Ocean Abyss vs Pressed Flower
Where Ocean Abyss belongs to Behr's range, Pressed Flower is a Sherwin-Williams color. Ocean Abyss reads as blue, while Pressed Flower reads as pink — two distinct hue families, not close cousins. Pressed Flower (LRV 35) reflects noticeably more light than Ocean Abyss (LRV 7), a difference of 27 points that becomes especially apparent in rooms with limited natural light. Ocean Abyss runs blue while Pressed Flower is decidedly warm, which means they'll respond very differently to warm vs cool light sources. With a ΔE of 47.1, the contrast is hard to miss. These aren't variations on a theme — they're two different answers to the same question. Below you'll find 1 real-room photo comparison where both colors appear side by side, plus 5 simulated room previews.
Ocean Abyss vs Pressed Flower in Real Spaces
1 real room side by side. Seeing Ocean Abyss and Pressed Flower in actual rooms makes the difference concrete; browse the spaces below to get a feel for how each color lives on a wall.
Home Office
The test for a home office color isn't how it looks in a quick glance — it's whether it still feels right after a full day of work. Pressed Flower reflects noticeably more light off the walls, making the space read more open than Ocean Abyss.
Color Details
Ocean Abyss vs Pressed Flower Simulated Comparison
5 simulated room previews — drag the slider on each to see Ocean Abyss on one side and Pressed Flower on the other.
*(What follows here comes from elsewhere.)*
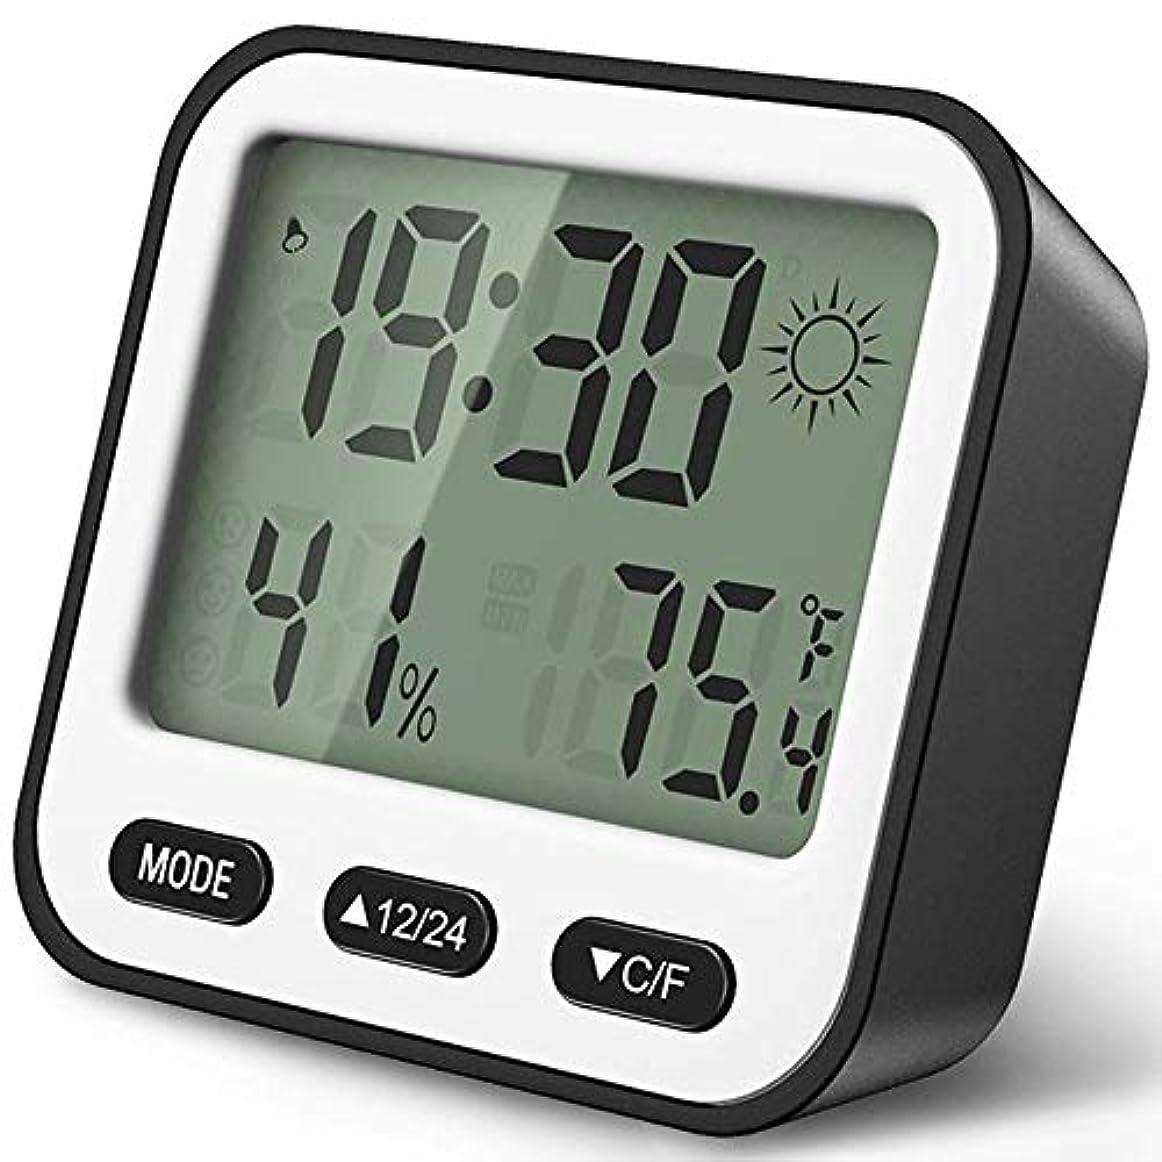 シュガークローゼットしかしRETYLY 寝室用の小さな目覚まし時計、デジタル時計 液晶デスククロックガールズキッズ目覚まし時計 電池式 天気/温度/湿度ベッド目覚まし時計オフィスのための壁旅行目覚まし時計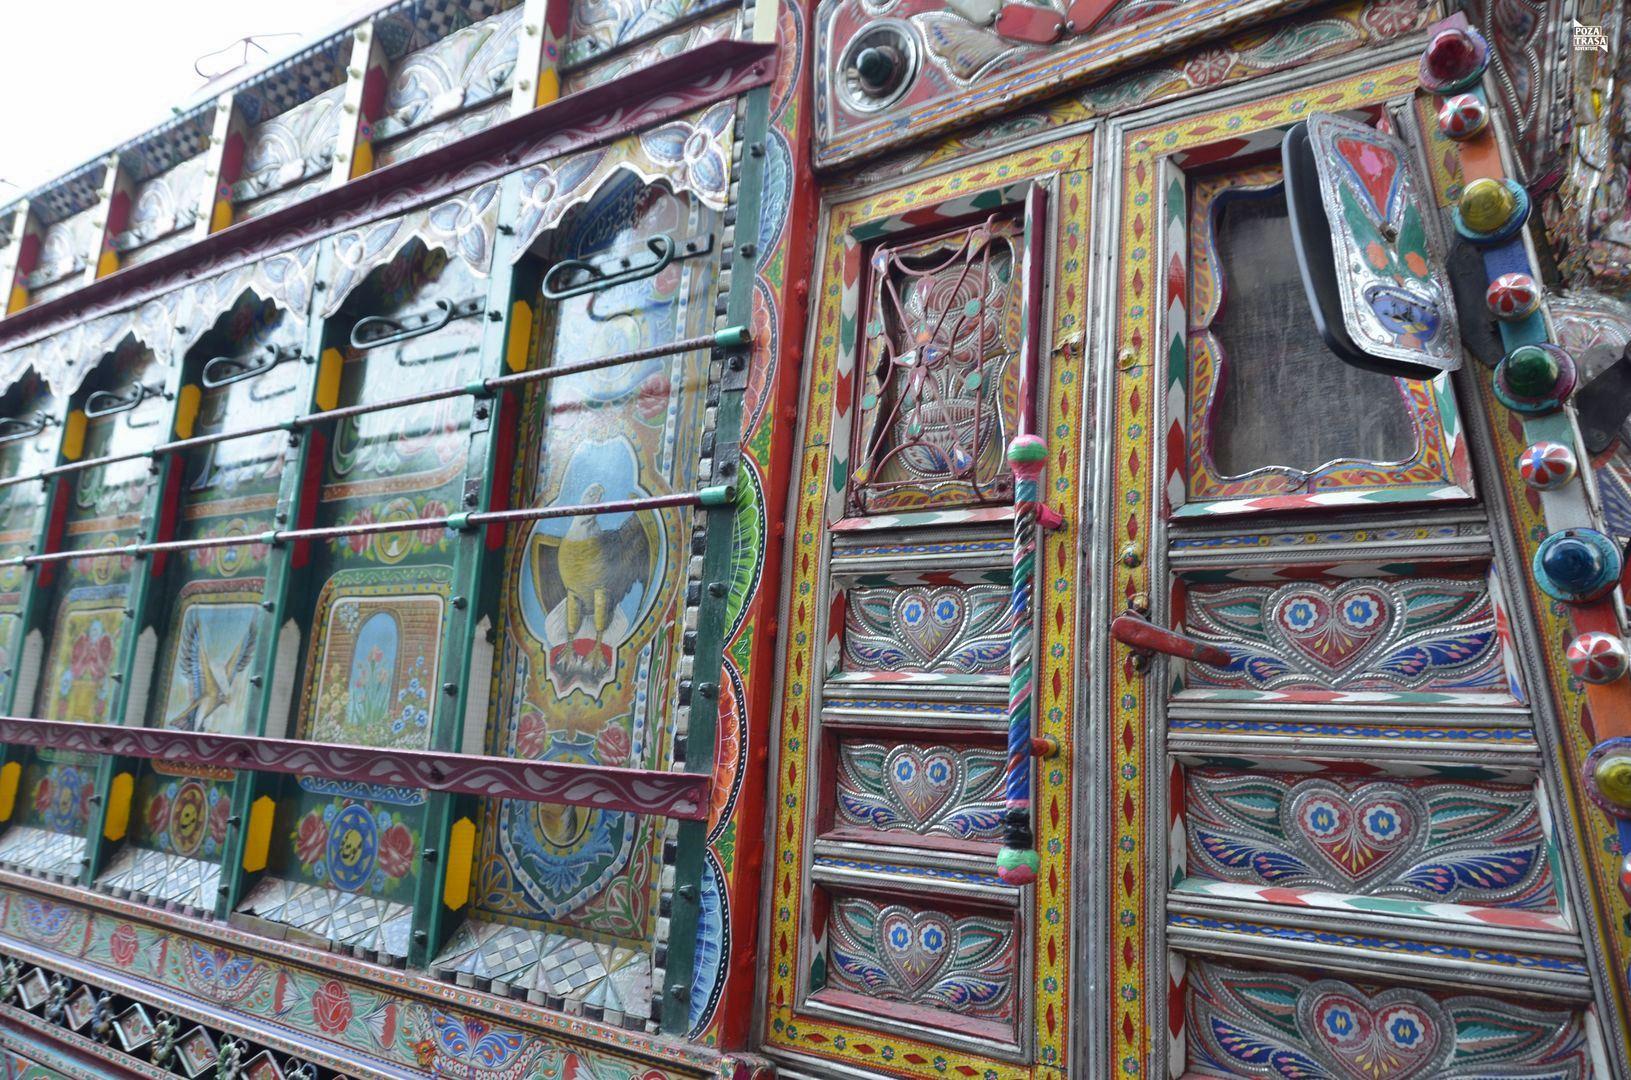 podróżując po Pakistanie

Digital color is approximate. These simulations are generated from the manufacturer's hex values and overlaid on grayscale room photos — your screen's calibration, brightness, and viewing angle all affect how they render. Before committing to either color, test physical samples in your own space under the light you actually live with.
More Ocean Abyss comparisons
See how Ocean Abyss stacks up against other well-photographed colors across different brands and tones.